Cass. sez. Pen. 20 marzo 2014 n. 13088
Il mobbing attuato dal direttore di produzione e del suo collaboratore in una azienda con 50 dipendenti, allocata in uno stabilimento di “notevole entità spaziale”, non è inquadrabile nel reato di maltrattamenti in famiglia ex art. 572 c.p.
La Suprema Corte è ormai orientata in maniera consolidata nel ritenere che le condotte persecutorie poste in essere dal lavoratore possano integrare il delitto di maltrattamenti in famiglia (art. 572 c.p.), ma solo se realizzate in un contesto avente natura para familiare, in cui il rapporto intersoggettivo che si instaura tra datore di lavoro e lavoratore subordinato in quanto caratterizzato dal potere direttivo e disciplinare che la legge attribuisce al primo nei confronti del secondo.

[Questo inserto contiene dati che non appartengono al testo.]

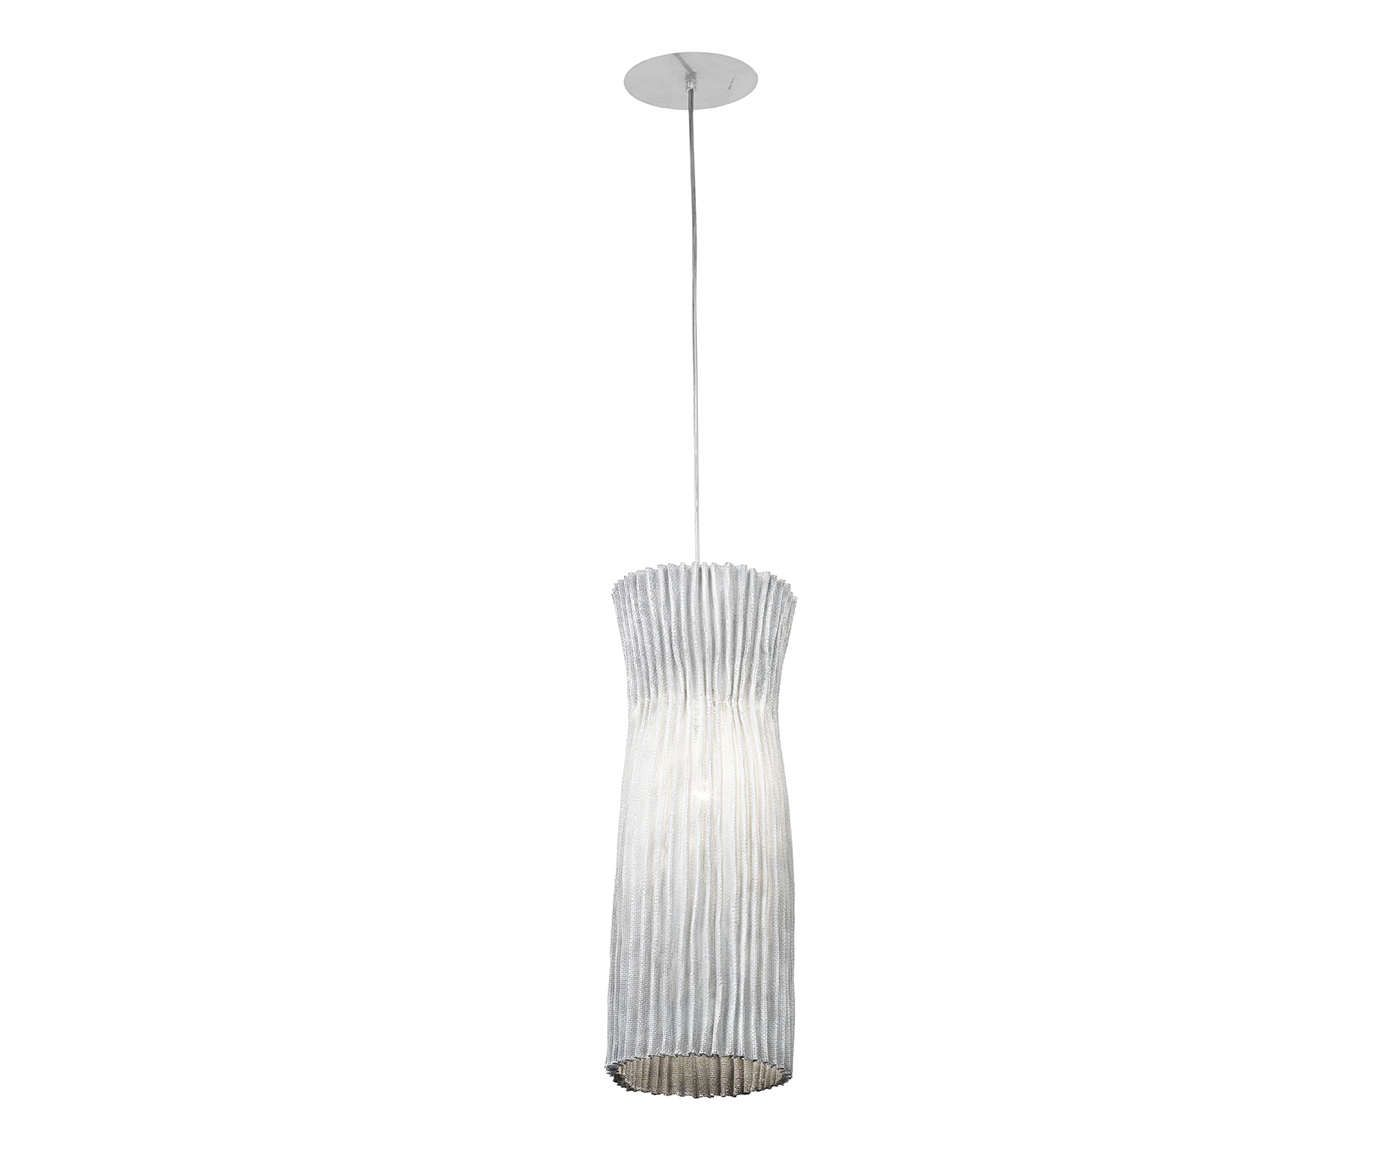 Pendente gea - la lampe | Westwing.com.br

Nel caso di specie, di fronte alla condanna di due soggetti rispetto a condotte vessatorie nei confronti di tre dipendenti donne (tra cui “approcci sessuali tanto verbali quanto fisici”), secondo i Giudici di Legittimità essi non sono punibili per il reato in questione poiché “non ogni fenomeno di mobbing – e cioè di comportamento vessatorio e discriminatorio – attuato nell’ambito di un ambiente lavorativo, integra gli estremi del delitto di maltrattamenti in famiglia, in quanto, per la configurabilità di tale reato, anche dopo le modifiche apportate dalla legge n. 172 del 2012, è necessario che le pratiche persecutorie realizzate ai danni del lavoratore dipendente e finalizzate alla sua emarginazione (c.d. mobbing) si inquadrino in un rapporto tra il datore di lavoro ed il dipendente capace di assumere una natura para-familiare”.